(Collected material):
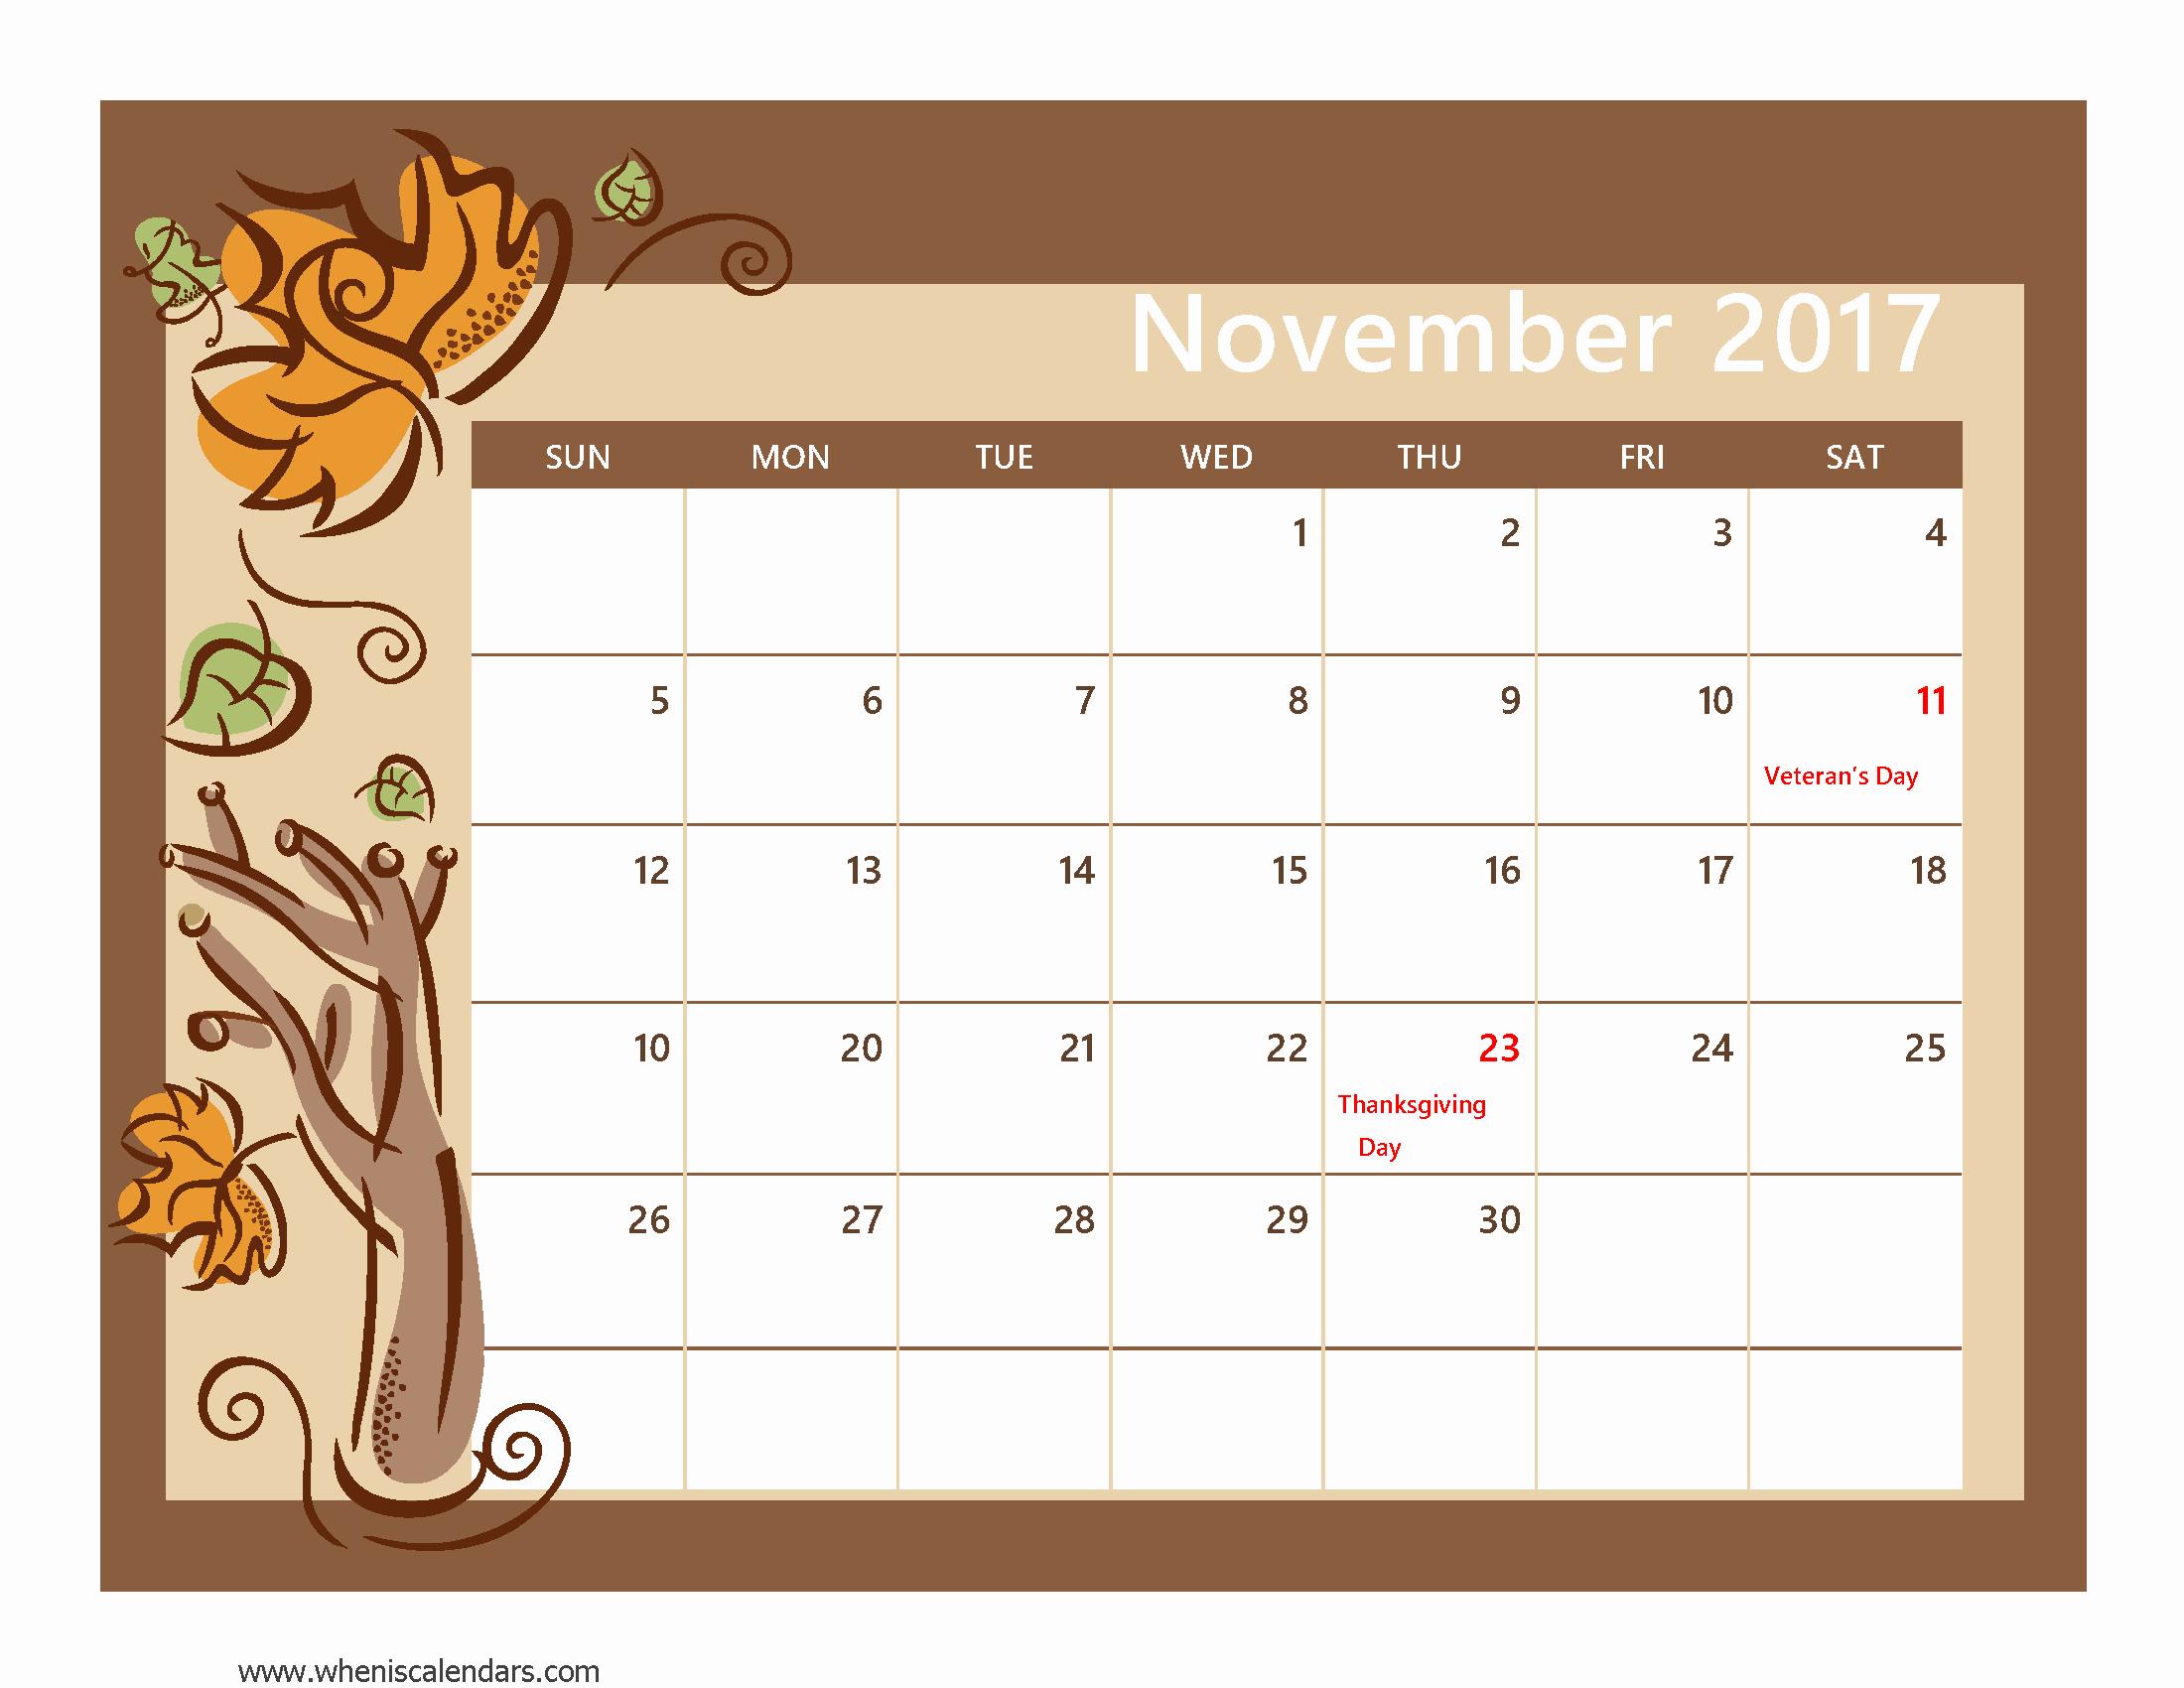 2017 Editable Calendar with Holidays Best Of November 2017 Calendar Printable with Holidays
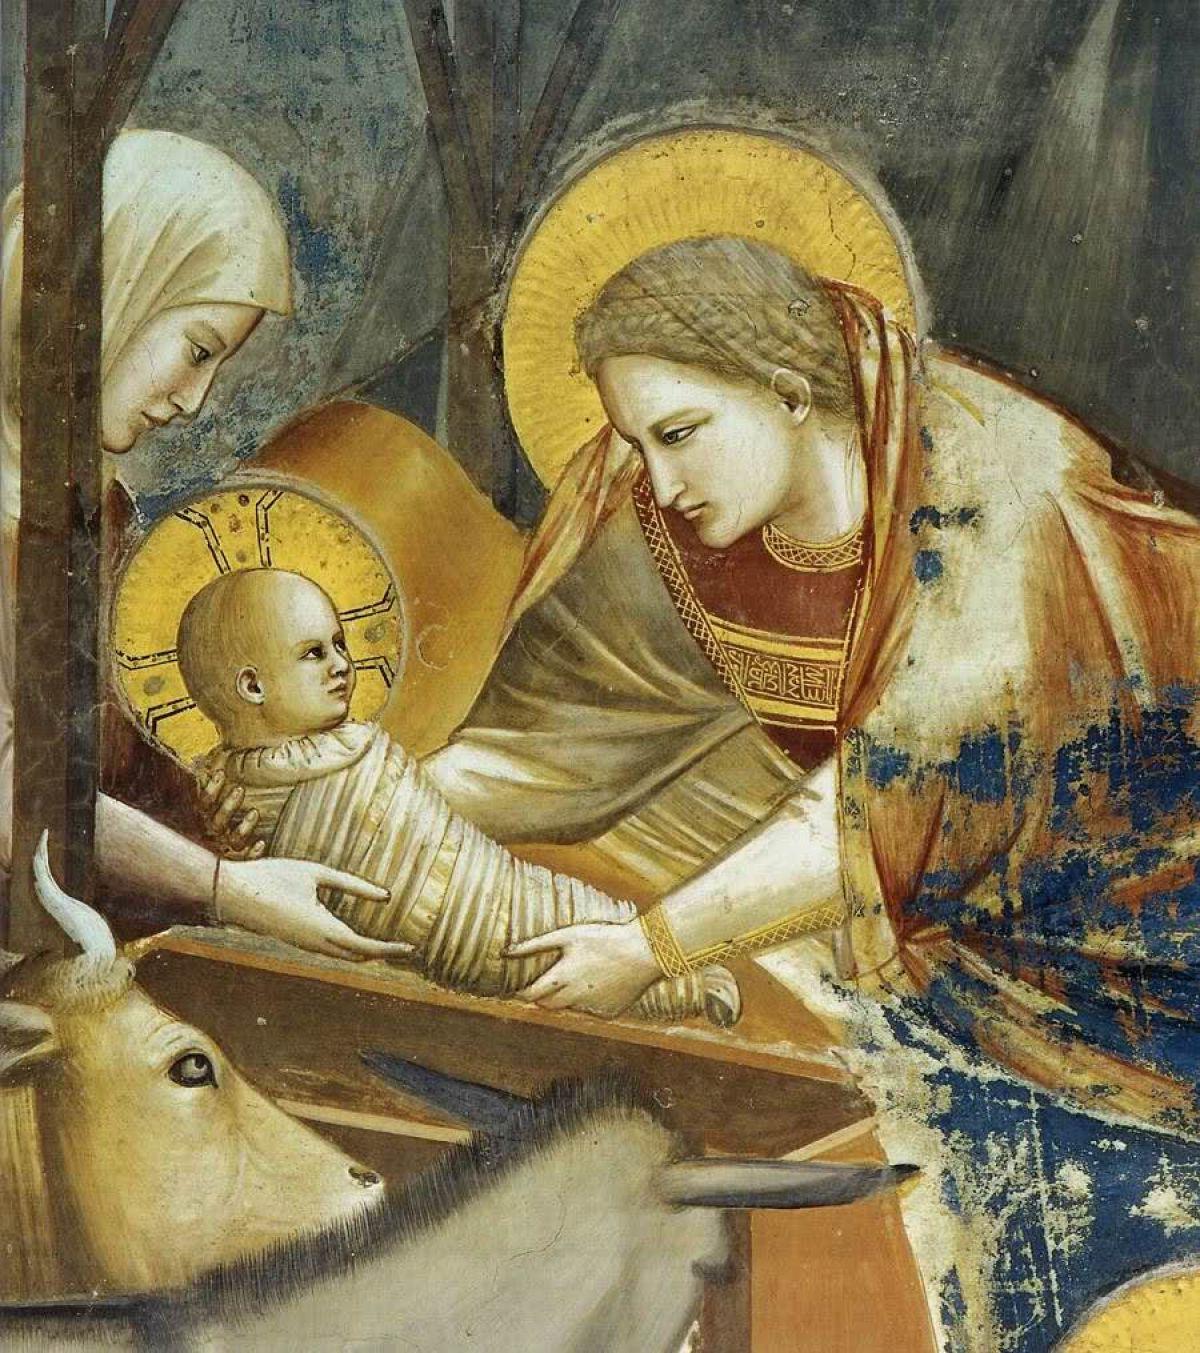 giotto-di-bondone-no.-17-scenes-from-the-life-of-christ-1.-nativity-birth-of-jesus-detail
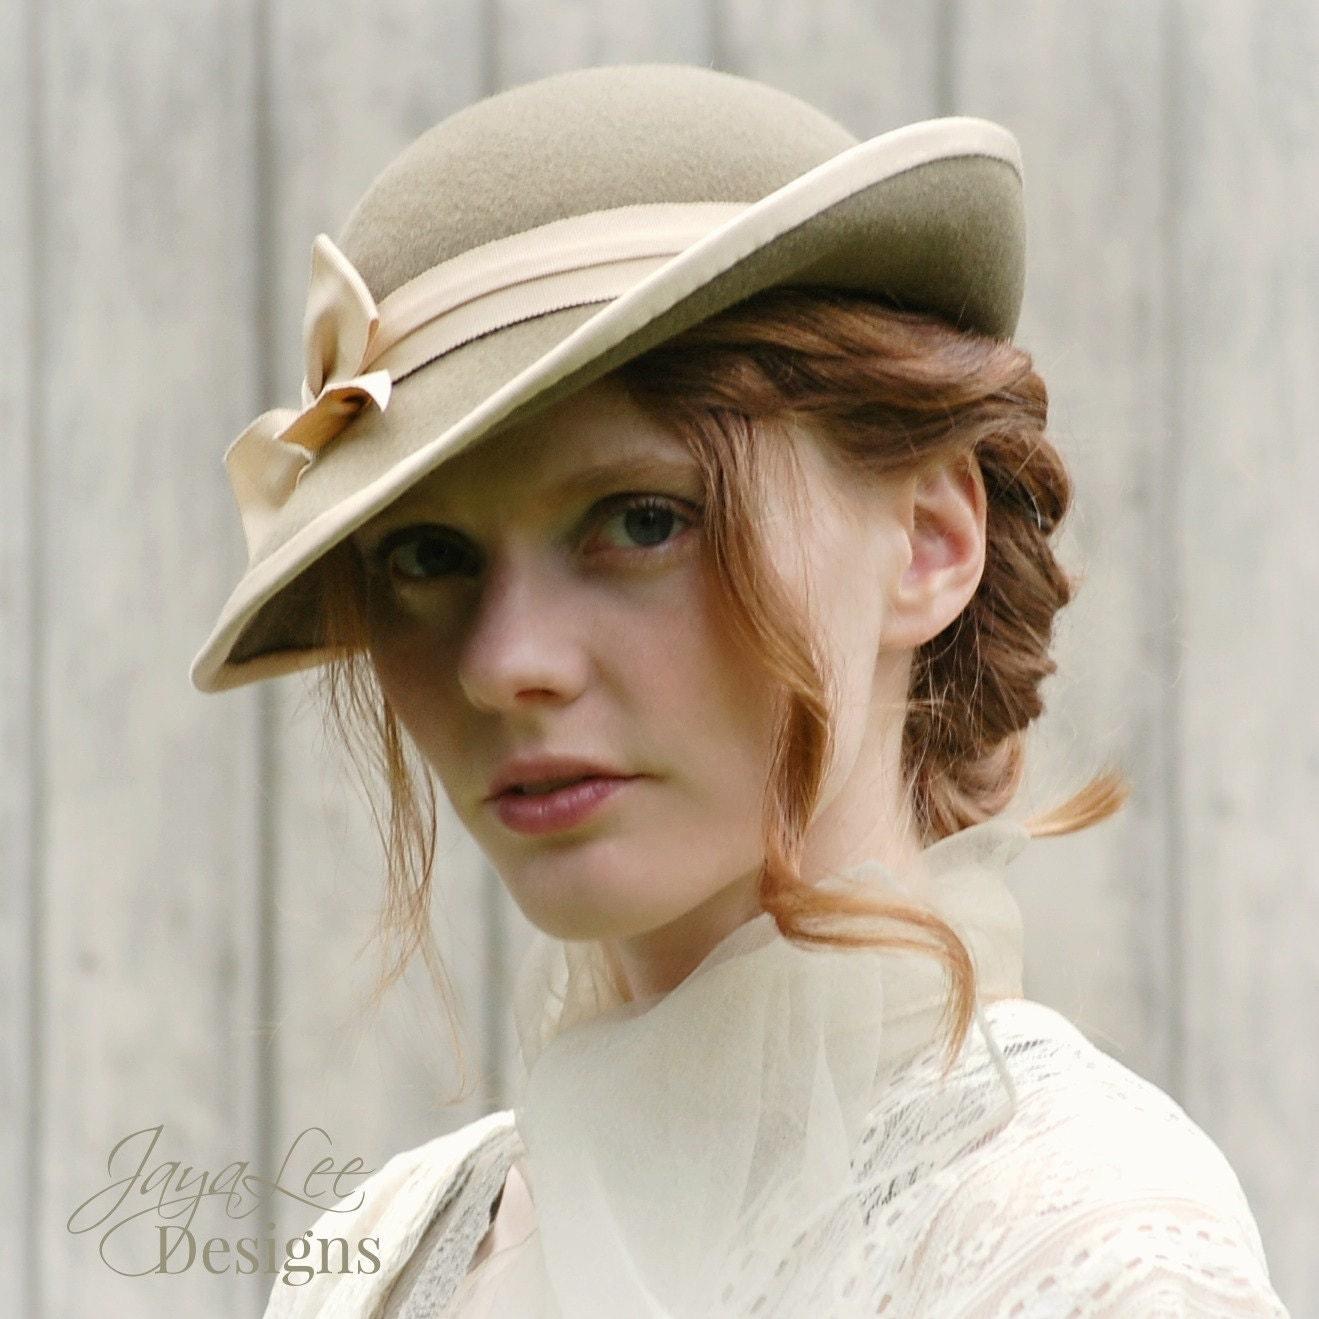 1930s vintage hats for women 1930s vintage hats for women

(Task brief):
Once the pictures are set aside, give the rest of the listing again exactly.

(Response):
 2017 Editable Calendar with Holidays Best Of November 2017 Calendar Printable with Holidays
 giotto-di-bondone-no.-17-scenes-from-the-life-of-christ-1.-nativity-birth-of-jesus-detail
 1930s vintage hats for women 1930s vintage hats for women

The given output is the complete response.